One bright spot for banks in the region, aside from selective hires in investment banking, is stock trading. Equities revenue accounted for 44% of total Asia-Pacific investment-banking revenue in the first half of 2015, up from 38% a year earlier, according to Coalition. While overall Asian stock-trading volumes fell in the third quarter from the second, some banks have said their equities businesses held up well. Executives at J.P. Morgan Chase & Co. and Bank of America Corp. in recent weeks said they had strong equities activity in Asia in the third quarter.
Banks in Asia have been generally adding staff to their equities businesses in recent years even as their overall headcounts have been flat to down. That growth has come as China has been opening its stock markets further to global investors. Banks continue to see the business as a growth area despite recent hiccups, bankers say.

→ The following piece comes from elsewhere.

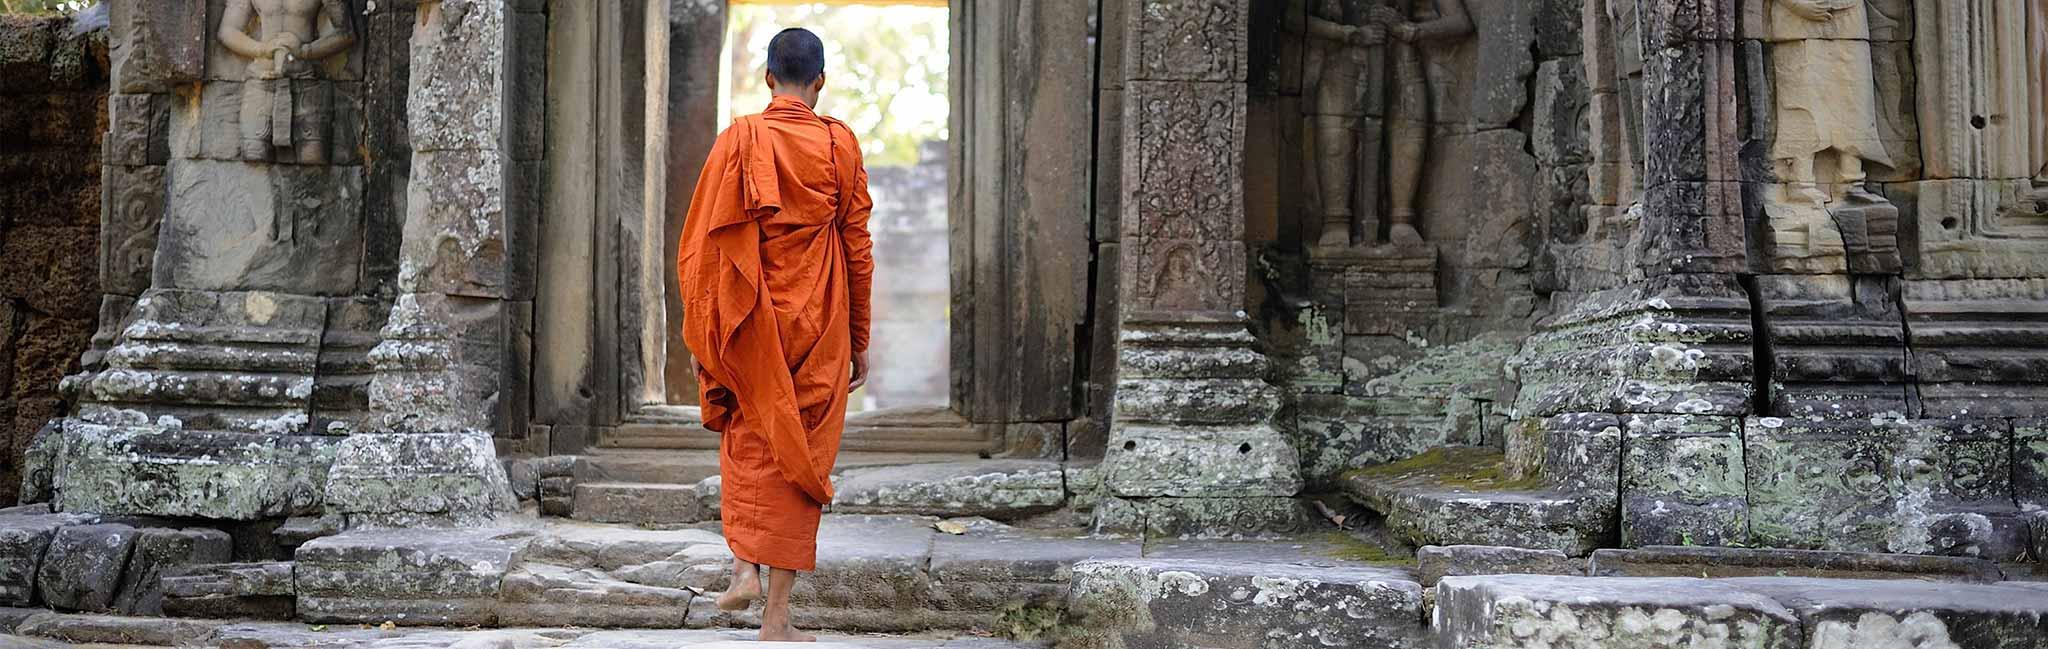 Cambodia Tour of Angkor's Banteay Kdei temple
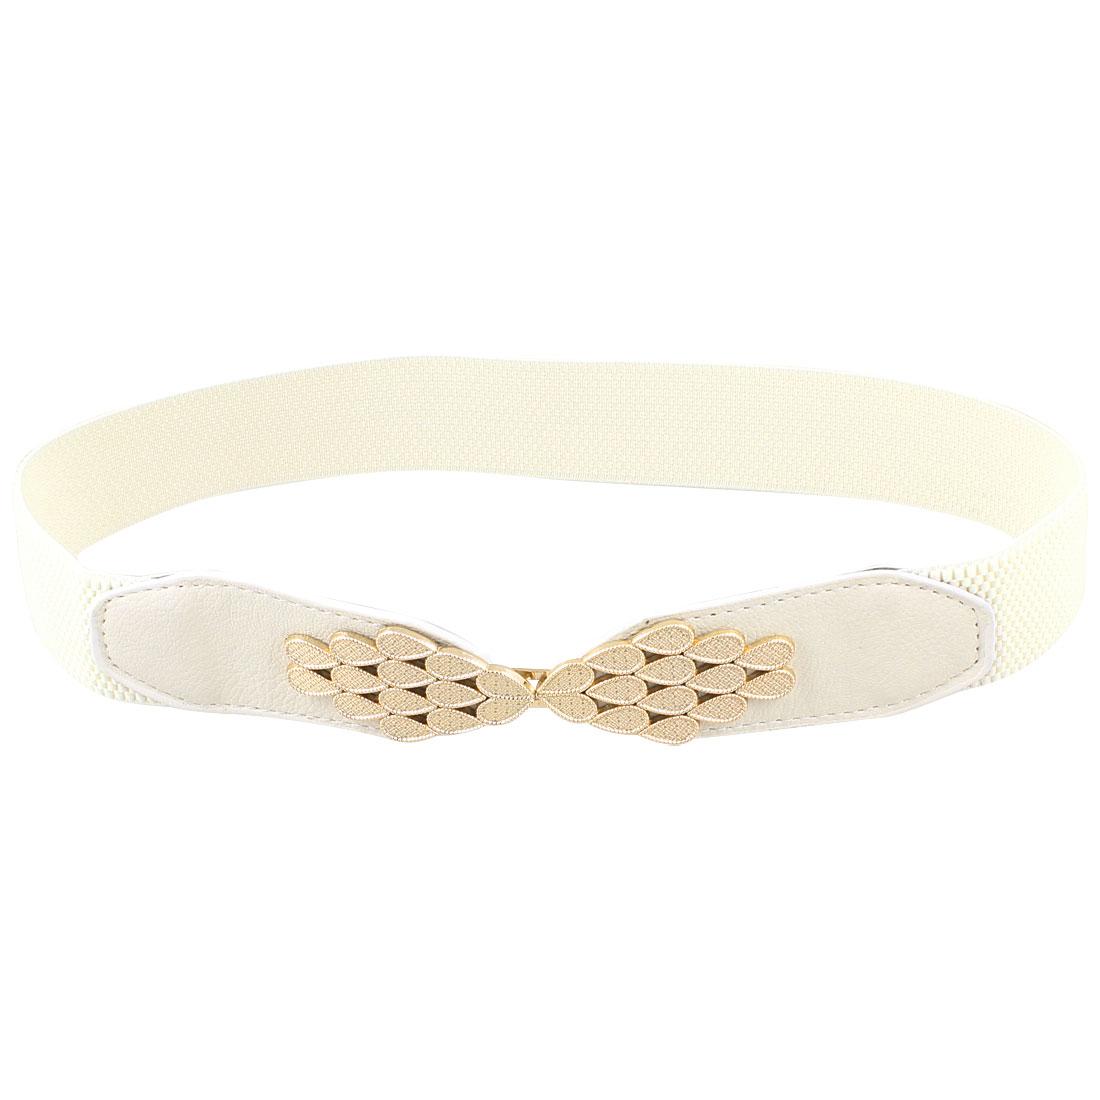 Lady Women Waterdrop Adorning Interlocking Buckle Stretchy Waist Belt White

Eric Li, a research director at Coalition, said most of the banks his firm tracks have been hiring in cash equities—an area made up of stock research, and sales and trading of shares—and derivatives.
While China’s economic growth has been slowing, Asia is still growing faster than the U.S. or Europe, a major reason why banks like HSBC Holdings PLC, Citigroup Inc. and Credit Suisse are relying on the region as a key plank of strategies for future growth. HSBC earlier this year said it would refocus on Asia and that its “pivot” to the region would increase in coming years.
Credit Suisse is investing 700 million Swiss francs ($712 million) in Asia by the end of 2018 as it builds its wealth-management business. It plans to bring the number of private bankers to around 800 over that period from 524 at the end of September.
—Fiona Law contributed to this article.